Collection entries:
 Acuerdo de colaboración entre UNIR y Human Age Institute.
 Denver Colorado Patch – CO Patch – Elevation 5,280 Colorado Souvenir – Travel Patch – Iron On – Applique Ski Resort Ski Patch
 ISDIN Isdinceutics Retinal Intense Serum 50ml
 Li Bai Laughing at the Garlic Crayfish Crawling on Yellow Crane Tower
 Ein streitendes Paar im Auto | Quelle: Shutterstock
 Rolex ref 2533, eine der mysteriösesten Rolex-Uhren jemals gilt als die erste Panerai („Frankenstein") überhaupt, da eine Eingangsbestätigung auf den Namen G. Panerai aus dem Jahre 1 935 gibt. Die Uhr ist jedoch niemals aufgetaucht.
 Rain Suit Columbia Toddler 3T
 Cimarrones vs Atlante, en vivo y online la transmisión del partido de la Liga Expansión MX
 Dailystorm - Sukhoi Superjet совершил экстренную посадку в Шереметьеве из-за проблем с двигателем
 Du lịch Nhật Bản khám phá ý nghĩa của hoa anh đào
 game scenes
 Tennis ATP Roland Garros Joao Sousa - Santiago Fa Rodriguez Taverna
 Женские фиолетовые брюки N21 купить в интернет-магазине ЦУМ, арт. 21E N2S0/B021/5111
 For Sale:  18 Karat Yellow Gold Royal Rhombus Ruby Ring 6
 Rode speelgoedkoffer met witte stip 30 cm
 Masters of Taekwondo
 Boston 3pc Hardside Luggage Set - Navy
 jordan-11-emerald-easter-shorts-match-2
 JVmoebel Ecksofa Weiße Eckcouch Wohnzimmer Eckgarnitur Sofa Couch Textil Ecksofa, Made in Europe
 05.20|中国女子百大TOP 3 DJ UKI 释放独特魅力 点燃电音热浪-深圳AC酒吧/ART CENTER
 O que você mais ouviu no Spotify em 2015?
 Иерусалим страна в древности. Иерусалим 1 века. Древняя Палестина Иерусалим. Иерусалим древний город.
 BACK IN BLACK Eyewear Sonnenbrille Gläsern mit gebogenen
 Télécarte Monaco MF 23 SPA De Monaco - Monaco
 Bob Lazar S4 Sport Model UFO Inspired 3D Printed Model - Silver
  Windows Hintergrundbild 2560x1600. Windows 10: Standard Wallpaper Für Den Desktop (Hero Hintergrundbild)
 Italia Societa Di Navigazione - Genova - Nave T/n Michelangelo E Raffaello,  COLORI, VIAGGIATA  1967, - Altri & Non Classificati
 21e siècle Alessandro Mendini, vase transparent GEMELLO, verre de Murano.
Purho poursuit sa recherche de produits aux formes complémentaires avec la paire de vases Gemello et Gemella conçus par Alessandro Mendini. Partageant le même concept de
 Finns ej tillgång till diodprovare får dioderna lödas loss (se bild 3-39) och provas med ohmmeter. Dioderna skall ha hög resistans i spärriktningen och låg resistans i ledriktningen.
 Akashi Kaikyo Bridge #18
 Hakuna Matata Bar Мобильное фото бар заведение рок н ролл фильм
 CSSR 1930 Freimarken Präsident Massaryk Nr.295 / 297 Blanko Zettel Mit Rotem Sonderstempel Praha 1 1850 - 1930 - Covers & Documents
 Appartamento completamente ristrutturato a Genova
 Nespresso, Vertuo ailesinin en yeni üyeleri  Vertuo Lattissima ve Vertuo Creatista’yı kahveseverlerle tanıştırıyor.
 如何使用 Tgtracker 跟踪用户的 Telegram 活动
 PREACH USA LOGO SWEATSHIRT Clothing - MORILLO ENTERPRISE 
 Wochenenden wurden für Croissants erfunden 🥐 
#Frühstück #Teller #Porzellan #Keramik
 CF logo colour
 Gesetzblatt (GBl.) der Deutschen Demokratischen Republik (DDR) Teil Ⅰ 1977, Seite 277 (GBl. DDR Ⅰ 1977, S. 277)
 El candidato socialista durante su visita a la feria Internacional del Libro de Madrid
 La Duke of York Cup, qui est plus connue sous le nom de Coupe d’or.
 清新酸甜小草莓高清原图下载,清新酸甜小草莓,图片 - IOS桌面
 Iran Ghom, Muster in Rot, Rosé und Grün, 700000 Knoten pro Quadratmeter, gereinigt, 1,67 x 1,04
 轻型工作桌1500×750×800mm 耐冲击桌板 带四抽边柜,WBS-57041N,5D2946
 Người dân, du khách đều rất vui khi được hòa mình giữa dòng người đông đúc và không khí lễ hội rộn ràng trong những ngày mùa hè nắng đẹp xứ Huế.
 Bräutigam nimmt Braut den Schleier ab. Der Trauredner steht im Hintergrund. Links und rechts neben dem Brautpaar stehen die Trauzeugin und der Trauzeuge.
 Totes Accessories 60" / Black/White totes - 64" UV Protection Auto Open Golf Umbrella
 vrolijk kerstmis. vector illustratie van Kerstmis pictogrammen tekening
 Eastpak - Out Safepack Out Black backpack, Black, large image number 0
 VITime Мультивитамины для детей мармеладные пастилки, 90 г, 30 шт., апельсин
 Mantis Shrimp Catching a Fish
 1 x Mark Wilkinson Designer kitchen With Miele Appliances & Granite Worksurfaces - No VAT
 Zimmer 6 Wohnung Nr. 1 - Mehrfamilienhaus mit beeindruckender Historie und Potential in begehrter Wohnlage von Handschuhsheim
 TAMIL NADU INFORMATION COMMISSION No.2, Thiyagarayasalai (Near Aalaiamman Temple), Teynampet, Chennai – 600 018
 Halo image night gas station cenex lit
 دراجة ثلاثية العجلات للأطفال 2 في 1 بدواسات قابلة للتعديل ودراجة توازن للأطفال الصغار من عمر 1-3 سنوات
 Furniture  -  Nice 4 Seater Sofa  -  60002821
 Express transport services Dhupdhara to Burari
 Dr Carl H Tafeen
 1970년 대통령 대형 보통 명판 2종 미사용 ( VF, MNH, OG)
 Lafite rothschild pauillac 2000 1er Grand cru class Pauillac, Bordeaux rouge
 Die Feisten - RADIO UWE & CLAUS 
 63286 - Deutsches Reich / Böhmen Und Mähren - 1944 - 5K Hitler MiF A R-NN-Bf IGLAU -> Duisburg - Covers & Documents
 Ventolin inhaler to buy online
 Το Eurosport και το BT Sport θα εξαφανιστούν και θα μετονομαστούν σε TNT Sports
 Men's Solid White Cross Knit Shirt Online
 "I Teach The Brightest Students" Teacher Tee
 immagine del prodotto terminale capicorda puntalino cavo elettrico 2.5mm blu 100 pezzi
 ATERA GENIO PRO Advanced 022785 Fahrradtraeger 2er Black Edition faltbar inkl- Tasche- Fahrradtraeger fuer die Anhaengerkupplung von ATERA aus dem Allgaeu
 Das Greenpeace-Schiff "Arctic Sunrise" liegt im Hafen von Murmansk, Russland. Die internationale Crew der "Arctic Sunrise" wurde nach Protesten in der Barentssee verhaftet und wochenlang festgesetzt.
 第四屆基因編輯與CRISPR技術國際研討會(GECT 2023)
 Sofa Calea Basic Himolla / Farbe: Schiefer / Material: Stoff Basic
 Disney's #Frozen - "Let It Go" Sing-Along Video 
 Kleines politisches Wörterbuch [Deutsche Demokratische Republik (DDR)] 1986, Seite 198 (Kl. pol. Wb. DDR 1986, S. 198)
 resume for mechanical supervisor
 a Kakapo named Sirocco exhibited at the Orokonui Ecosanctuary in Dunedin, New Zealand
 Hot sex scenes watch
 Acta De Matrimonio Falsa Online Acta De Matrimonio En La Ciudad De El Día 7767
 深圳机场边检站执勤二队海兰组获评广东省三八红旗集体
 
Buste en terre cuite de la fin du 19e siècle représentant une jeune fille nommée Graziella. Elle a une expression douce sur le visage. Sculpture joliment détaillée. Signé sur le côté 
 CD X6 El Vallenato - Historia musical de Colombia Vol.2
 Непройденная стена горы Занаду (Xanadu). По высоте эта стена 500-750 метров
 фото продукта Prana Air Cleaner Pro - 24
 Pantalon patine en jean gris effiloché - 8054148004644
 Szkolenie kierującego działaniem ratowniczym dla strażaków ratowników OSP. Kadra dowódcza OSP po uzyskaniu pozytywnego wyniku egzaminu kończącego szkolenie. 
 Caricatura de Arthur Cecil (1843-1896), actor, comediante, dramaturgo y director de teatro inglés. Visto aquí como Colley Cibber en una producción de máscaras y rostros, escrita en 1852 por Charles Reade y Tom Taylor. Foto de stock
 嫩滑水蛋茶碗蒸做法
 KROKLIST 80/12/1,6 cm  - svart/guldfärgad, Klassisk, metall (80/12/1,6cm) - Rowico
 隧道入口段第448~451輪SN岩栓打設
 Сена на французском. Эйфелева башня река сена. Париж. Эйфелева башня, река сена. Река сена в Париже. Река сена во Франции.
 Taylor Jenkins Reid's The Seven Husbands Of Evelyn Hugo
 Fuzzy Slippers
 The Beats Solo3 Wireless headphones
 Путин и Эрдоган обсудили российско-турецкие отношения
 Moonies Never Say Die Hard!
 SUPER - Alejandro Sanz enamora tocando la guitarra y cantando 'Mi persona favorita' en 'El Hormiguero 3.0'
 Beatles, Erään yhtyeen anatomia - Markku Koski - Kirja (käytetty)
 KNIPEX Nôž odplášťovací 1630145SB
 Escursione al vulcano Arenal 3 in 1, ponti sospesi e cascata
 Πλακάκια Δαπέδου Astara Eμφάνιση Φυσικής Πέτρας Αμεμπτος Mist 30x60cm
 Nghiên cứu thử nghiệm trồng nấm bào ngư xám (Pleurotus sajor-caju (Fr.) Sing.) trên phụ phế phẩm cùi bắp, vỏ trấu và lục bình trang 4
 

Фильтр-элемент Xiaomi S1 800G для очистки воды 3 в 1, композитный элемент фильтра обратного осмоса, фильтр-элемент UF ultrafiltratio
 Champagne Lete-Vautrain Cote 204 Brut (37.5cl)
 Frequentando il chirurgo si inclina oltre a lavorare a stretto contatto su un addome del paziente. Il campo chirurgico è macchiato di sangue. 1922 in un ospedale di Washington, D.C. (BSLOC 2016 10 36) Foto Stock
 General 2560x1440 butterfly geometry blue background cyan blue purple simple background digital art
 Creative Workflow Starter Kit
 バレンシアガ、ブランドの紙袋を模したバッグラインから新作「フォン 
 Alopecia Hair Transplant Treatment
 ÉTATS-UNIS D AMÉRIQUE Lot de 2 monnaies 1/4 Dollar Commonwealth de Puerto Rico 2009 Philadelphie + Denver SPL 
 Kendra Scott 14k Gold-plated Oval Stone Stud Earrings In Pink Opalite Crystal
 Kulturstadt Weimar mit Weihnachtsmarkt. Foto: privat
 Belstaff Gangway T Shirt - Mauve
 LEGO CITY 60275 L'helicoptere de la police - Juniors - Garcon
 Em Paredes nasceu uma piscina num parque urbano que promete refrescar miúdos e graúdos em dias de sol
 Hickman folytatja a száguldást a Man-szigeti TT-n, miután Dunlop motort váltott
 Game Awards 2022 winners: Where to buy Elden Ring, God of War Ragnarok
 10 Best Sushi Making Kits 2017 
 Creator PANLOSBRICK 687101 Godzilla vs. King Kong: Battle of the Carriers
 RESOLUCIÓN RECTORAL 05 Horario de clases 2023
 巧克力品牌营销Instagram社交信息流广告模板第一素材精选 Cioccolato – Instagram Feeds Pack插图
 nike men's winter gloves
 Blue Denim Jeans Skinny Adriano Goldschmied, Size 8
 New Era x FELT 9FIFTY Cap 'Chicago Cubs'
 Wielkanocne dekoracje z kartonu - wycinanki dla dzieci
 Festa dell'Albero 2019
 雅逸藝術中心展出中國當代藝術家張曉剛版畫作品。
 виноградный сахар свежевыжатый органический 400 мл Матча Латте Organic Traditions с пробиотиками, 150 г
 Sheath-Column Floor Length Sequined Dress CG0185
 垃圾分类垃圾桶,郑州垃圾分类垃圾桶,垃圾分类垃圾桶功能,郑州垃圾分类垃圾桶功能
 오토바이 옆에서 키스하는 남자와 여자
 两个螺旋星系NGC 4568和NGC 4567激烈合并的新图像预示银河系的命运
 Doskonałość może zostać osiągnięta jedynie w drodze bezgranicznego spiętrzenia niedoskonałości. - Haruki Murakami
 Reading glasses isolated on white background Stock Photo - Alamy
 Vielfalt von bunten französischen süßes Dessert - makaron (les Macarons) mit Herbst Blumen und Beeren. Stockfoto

» Goal of the exercise
Return, from the data, each line that has the word "Republik" in it.

» Answer section
 Gesetzblatt (GBl.) der Deutschen Demokratischen Republik (DDR) Teil Ⅰ 1977, Seite 277 (GBl. DDR Ⅰ 1977, S. 277)
 Kleines politisches Wörterbuch [Deutsche Demokratische Republik (DDR)] 1986, Seite 198 (Kl. pol. Wb. DDR 1986, S. 198)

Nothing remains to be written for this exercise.